Monday, November 23, 2009

Ode to ANO

Arkansas is the natural state, so naturally when they were looking for a place to build a nuclear plant Arkansas was right up there with "the Garden State" and "the Evergreen State." Northeast Arkansas already looks like it's been hit by a nuclear attack.  It's all brown and empty and flat, but here in the River Valley there are mountains and lakes and trees and things that could actually be destroyed in a nuclear meltdown, so there is great potential theatrical effect and possible post-meltdown before and after pictures that could make you cry.
It provides a lot of jobs and is good for the economy of the area, and it's always in view, a constant comfort in our mastery over the elements. There are a lot of nice houses on hills with gables and decks and a panoramic view of Lake Dardanelle and the concrete coolant tower with it's constant torrent of steam, or "the cloud factory," as one friend refers to it.  The view is like the opening to "the Simpsons."

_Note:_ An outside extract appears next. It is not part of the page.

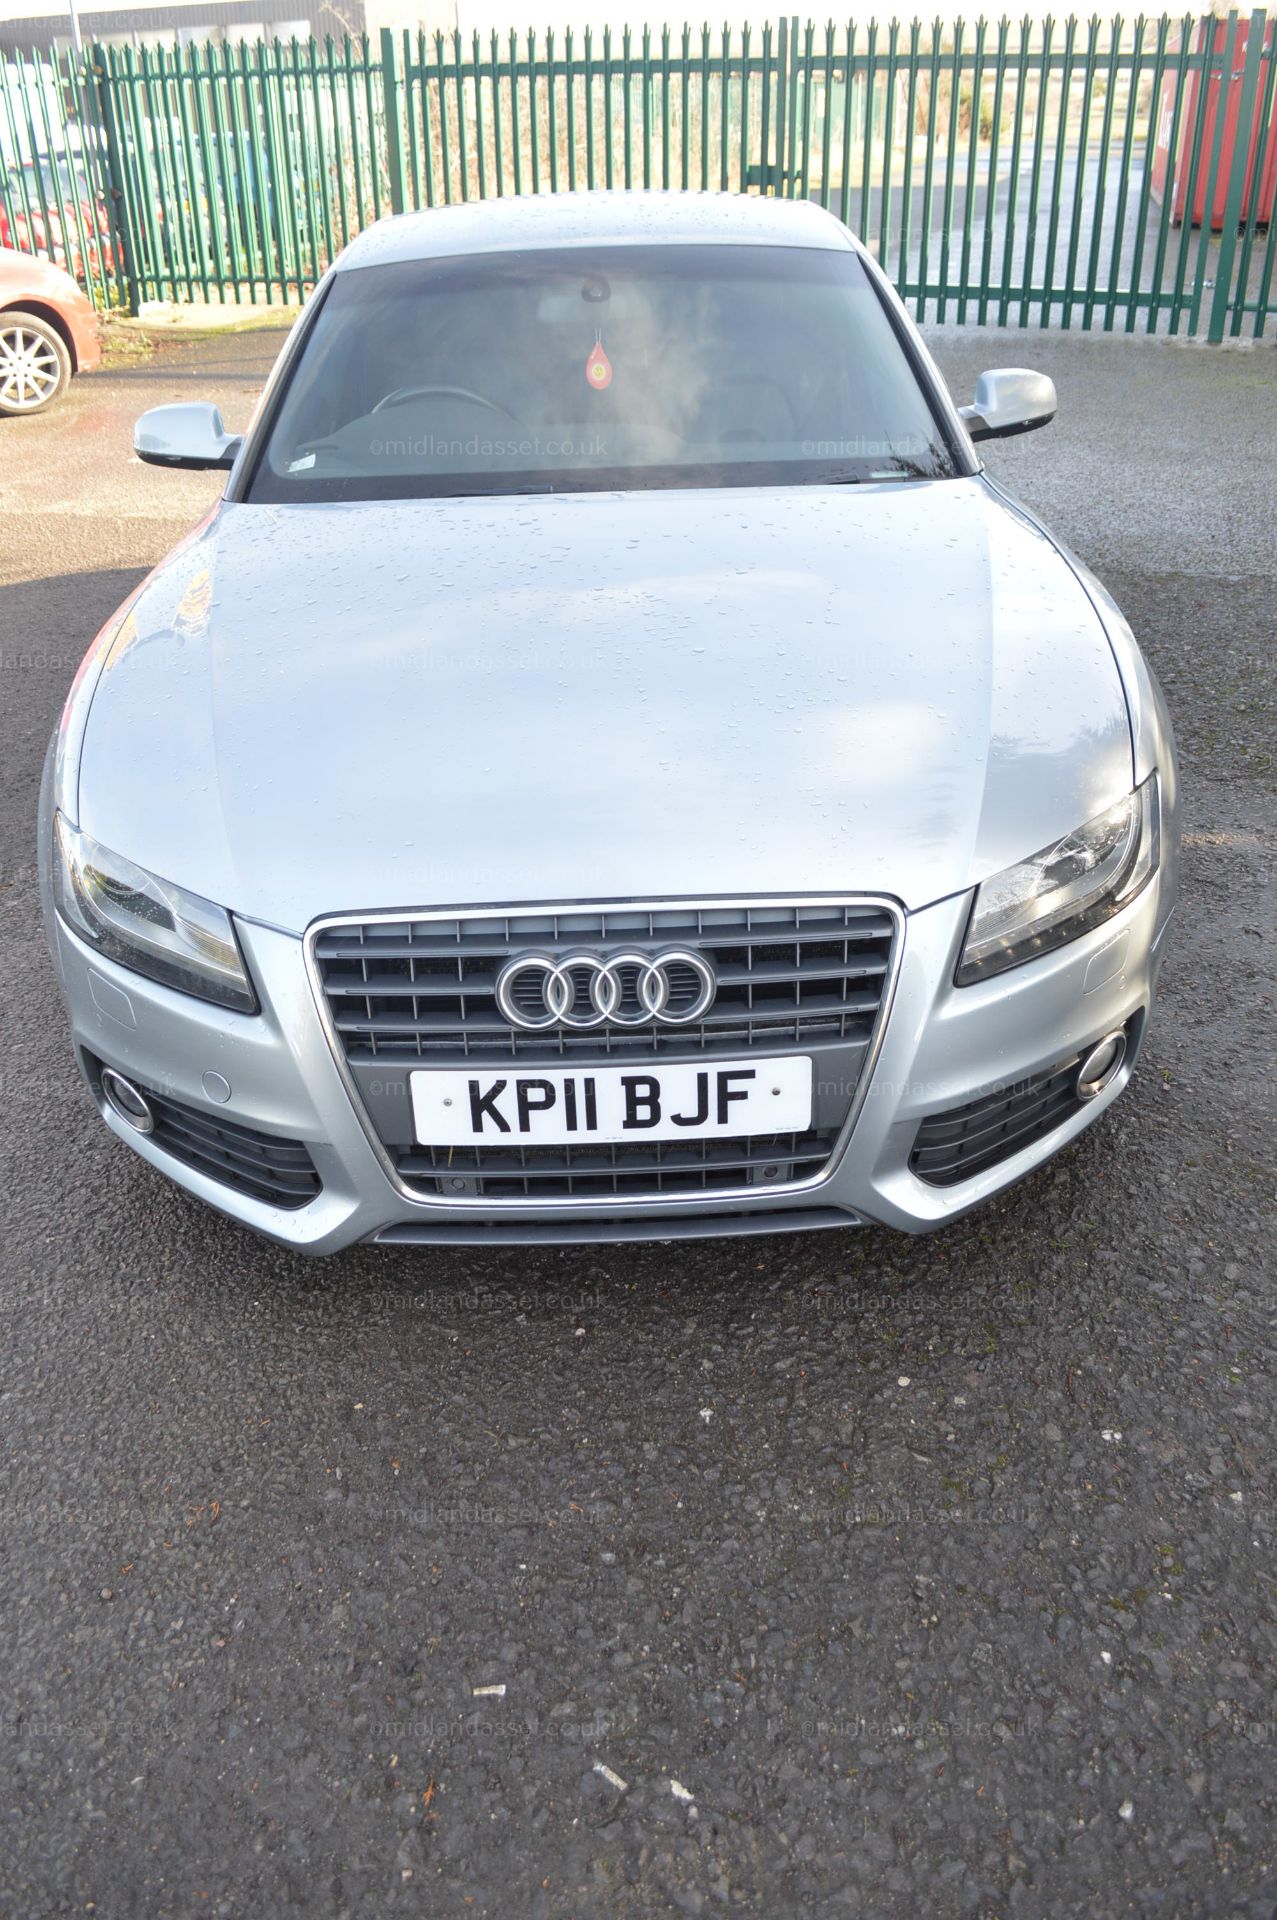 NR - 2011/11 REG AUDI A5 S LINE TDI, SERVICE HISTORY, 2 FORMER KEEPERS - Image 2 of 28
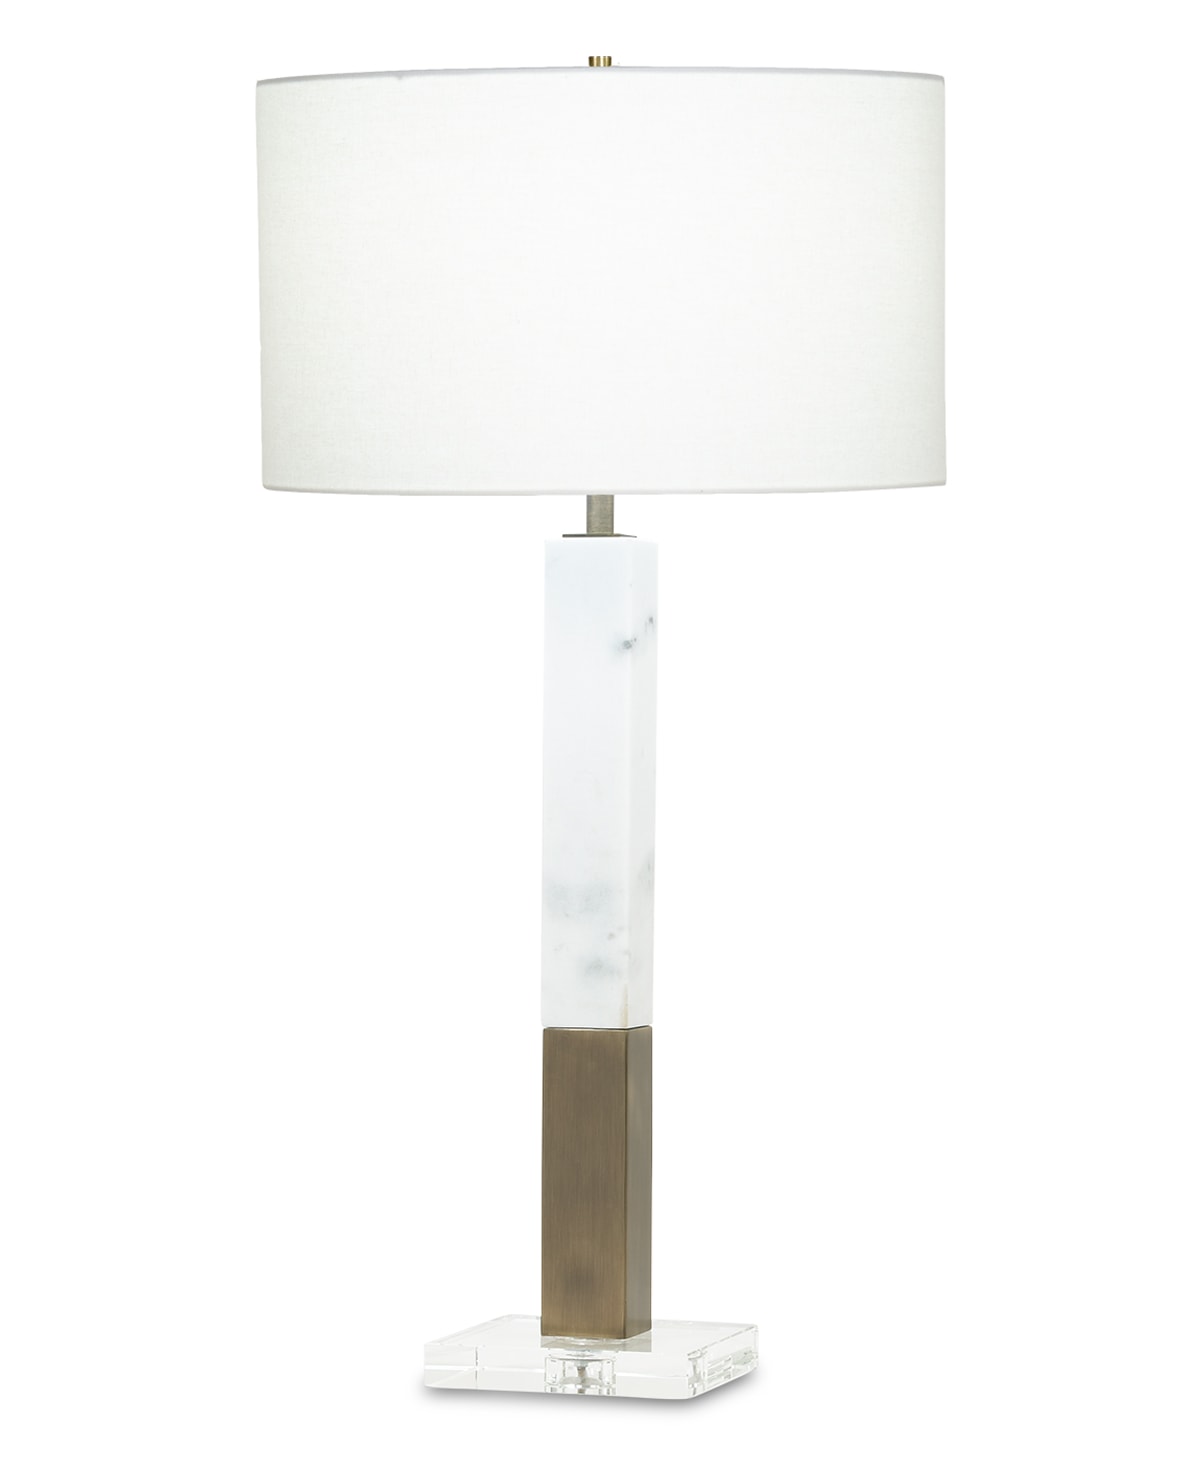 FlowDecor Sanders Table Lamp in white marble and metal with antique brass finish and crystal base and off-white linen drum shade (# 3822)

They put it here because of Lake Dardanelle.  The lake water is needed to cool the reactor. It gets very hot, what with all the splitting of atoms and loose electrons flying around and that lake water filters through there and keeps the plant from literally melting down.  The pressurized steam from the hot water drives turbine generators which produce electricity that gets sent out all across the United States.  When the water is done it gets pumped back out into the lake.  I think that's how it happens anyway.  
I don't know a whole lot about thermodynamics but I imagine that the water would carry some sort of atomic residue after running through the reactor.  They claim that it doesn't but my ice maker can't produce an ice cube that doesn't taste like the freezer, so I'm just using my limited experience with water to conclude that that water from the nuclear plant has to have something of the plant in it.  The fish like it though.  They hang out there by the pipes all day long, and they get huge.  I'm not sure how they taste but they're probably great.  Catfish restaurants are big business here.  
Another benefit is that every year the Bassmasters come here for at least one of their major tournaments.  There are pictures of fishermen holding fish in the air whose tails drag the ground.  There are also stories, mainly from underwater welders who repair the pipes running from the reactor, of catfish who could eat a man.  It's from the warm water.  But I'm not sure a bassmaster has ever caught one of those.  
I'm not crazy about nuclear power because splitting the building blocks of matter into pieces seems dangerous to me, but I'm incurably addicted to electricity so if the Earth has to adapt and produce a few two-headed frogs, or in this case some man-eating catfish, for me to be able to watch Wife Swap that's a chance I'm willing to take.  I also like the clouds, Arkansas Nuclear One.